Flags: needinfo?(johu)

Blake Wu [:bwu][:blakewu]

Reporter

Comment 5

•

11 years ago

Usually when seeking in video playback, it seeks to the nearest I-frame around the seeking time. The reason behind this is if it seeks to the frame with exact seeking time, that frame may not be a I-frame. If it is not I-frame, media extractor still needs to find the I-frame before it and decode I-frame with the following P/B frames until reaching the seeking time. This may take some time and user expericen may not be good. The reason to pick up the largest size of I-frames is if the raw data of that frame is black or plain, the encoded size would be small. From my understanding of H.264, the more information it contains, the bigger size it has. So it is a pretty simple way to filter out some "bad" frames. For checking color histogram, it is also a better way. However, it may need to take some time to decode and analyze each I-frame.
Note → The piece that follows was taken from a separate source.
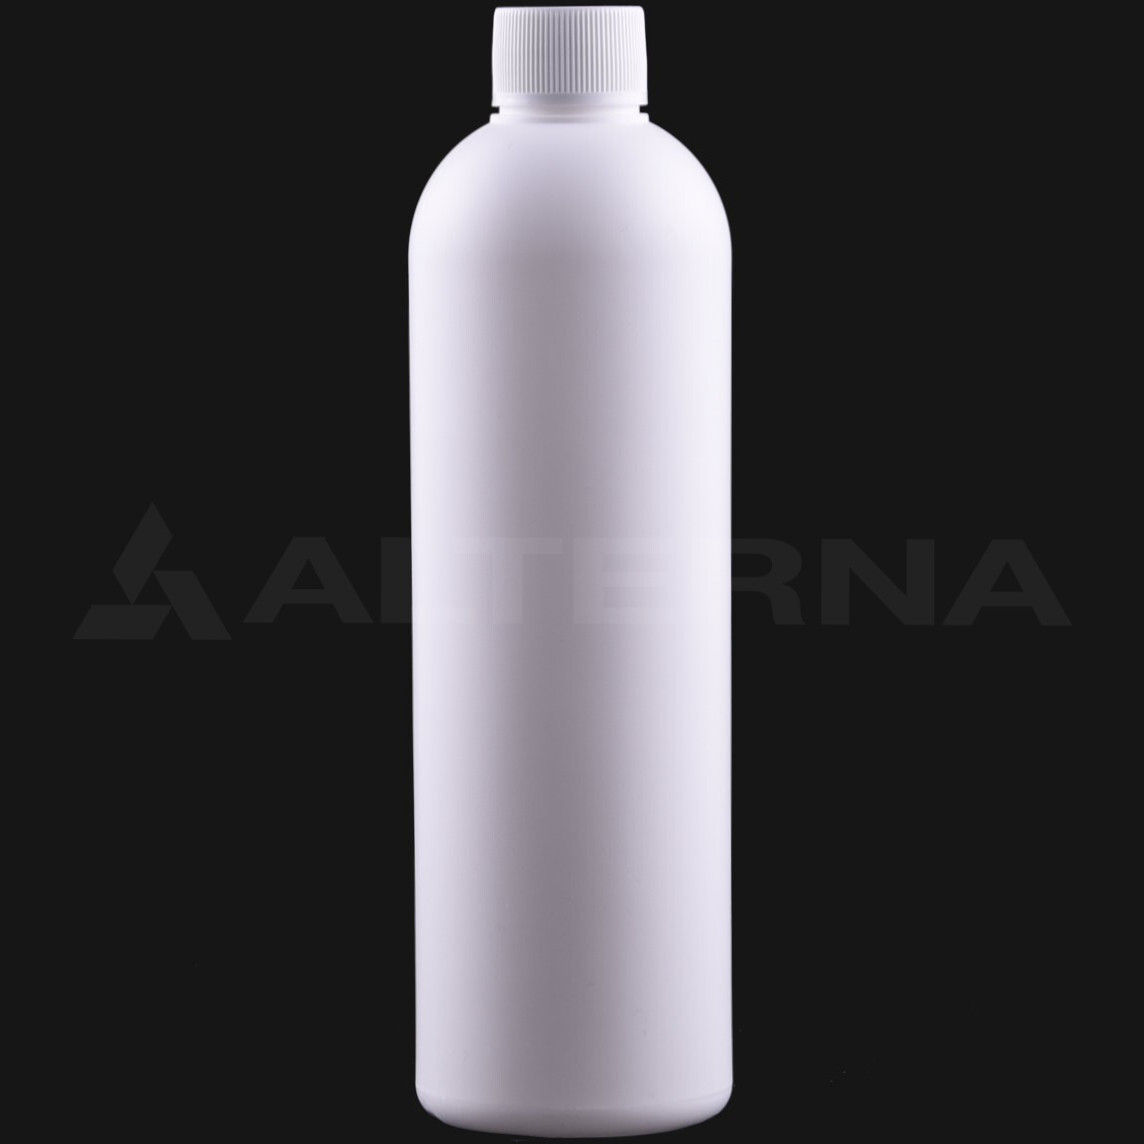 400 ml HDPE Bottle with 24 mm Foam Seal Cap

Not sure how to do it in a quick way.

cajbir (:cajbir)

Comment 6

•

11 years ago

(In reply to Blake Wu from comment #5) > If it is not > I-frame, media extractor still needs to find the I-frame before it and > decode I-frame with the following P/B frames until reaching the seeking > time. This may take some time and user expericen may not be good. This is what the HTML video element does. It seeks to the nearest key frame then decodes up to the requested seek frame. Implementing the faster, but less accurate, method of seeking to key frame only is bug 778077.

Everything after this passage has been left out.